TASK GOAL
The material below holds a span beginning at the line with "Alley en Roma" and ending at the line with "长木公园的莲花池,百去不厌". Quote that span exactly, both ends included, and only that span.

━━━ EXERCISE DATA ━━━

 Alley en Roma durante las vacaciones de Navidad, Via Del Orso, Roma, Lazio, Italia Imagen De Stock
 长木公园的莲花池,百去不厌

━━━
━━━ EXERCISE DATA ━━━

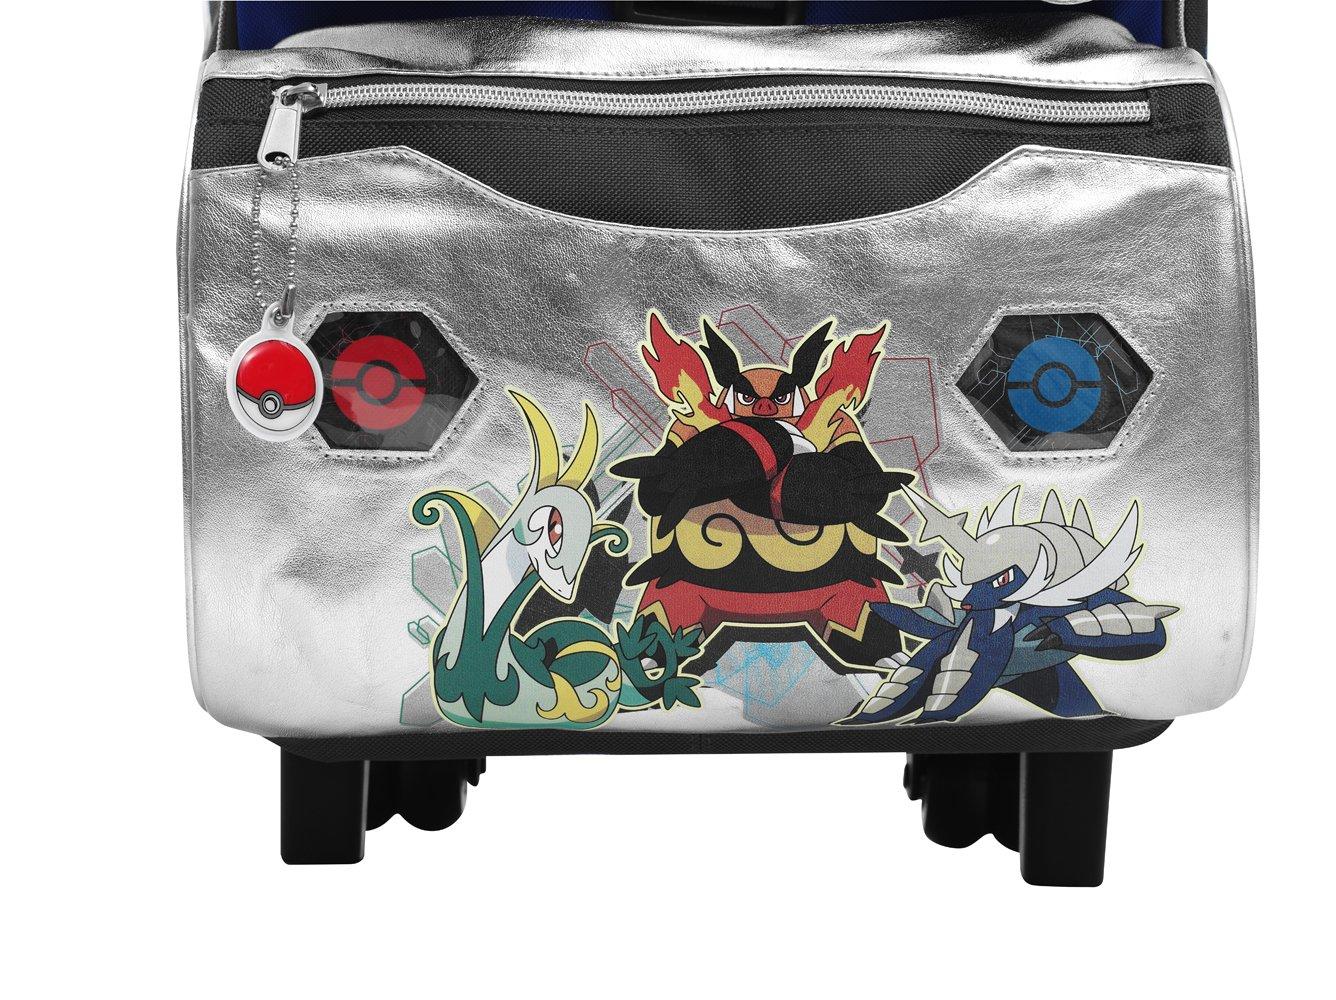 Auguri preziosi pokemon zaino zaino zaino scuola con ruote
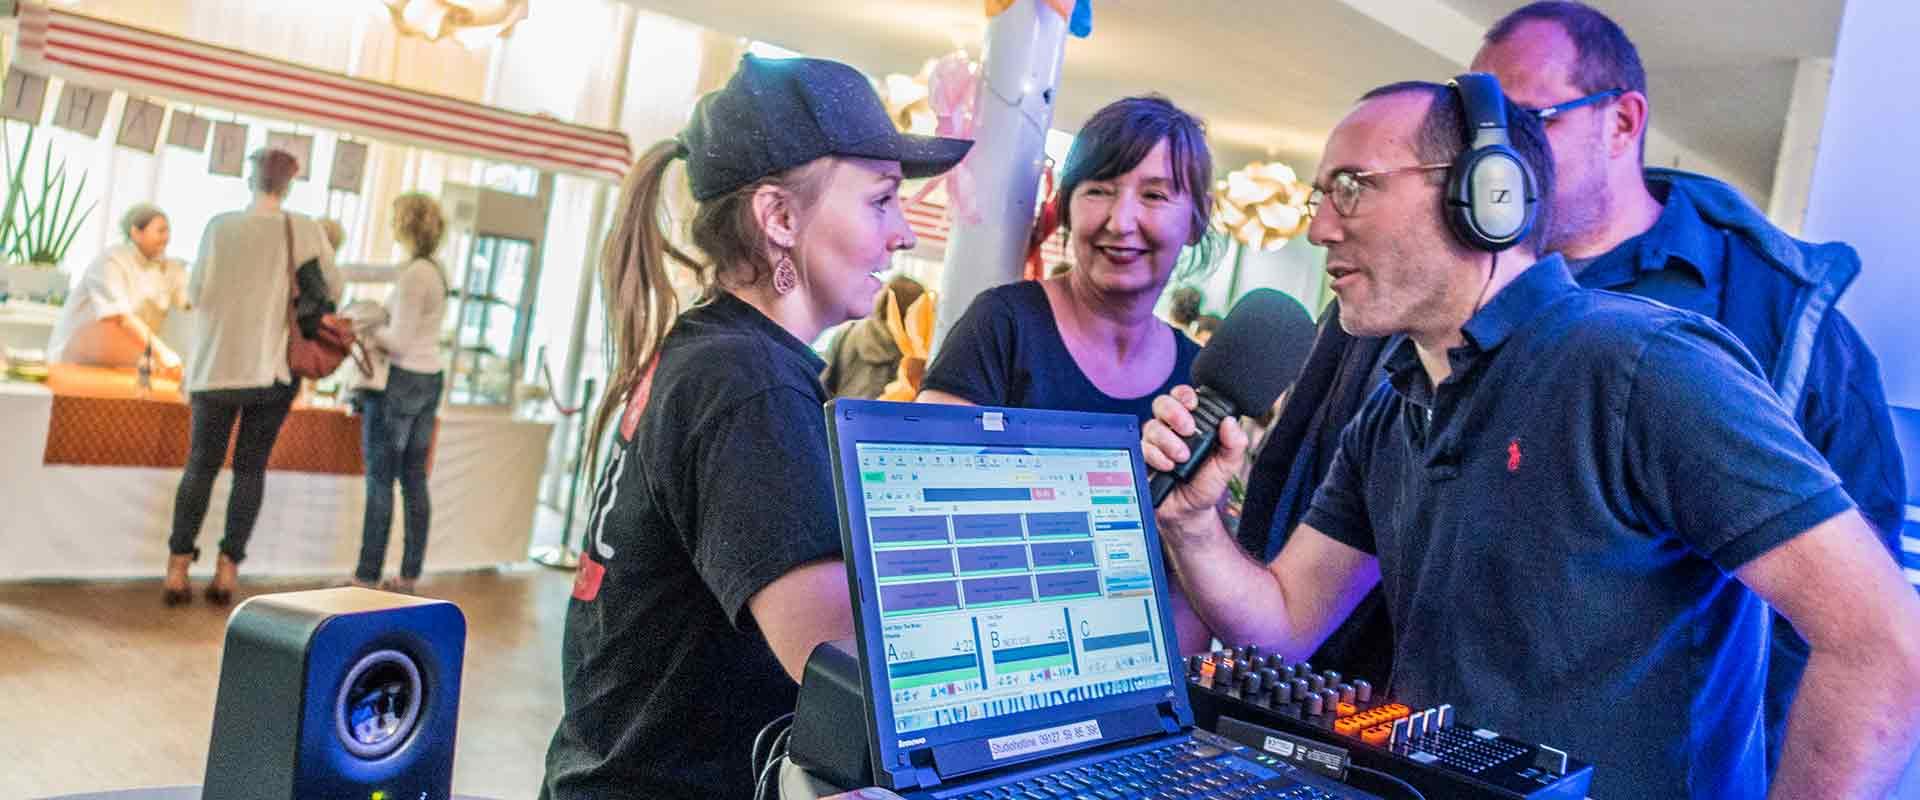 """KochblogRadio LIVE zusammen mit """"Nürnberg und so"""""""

━━━

RESPONSE
 Alley en Roma durante las vacaciones de Navidad, Via Del Orso, Roma, Lazio, Italia Imagen De Stock
 长木公园的莲花池,百去不厌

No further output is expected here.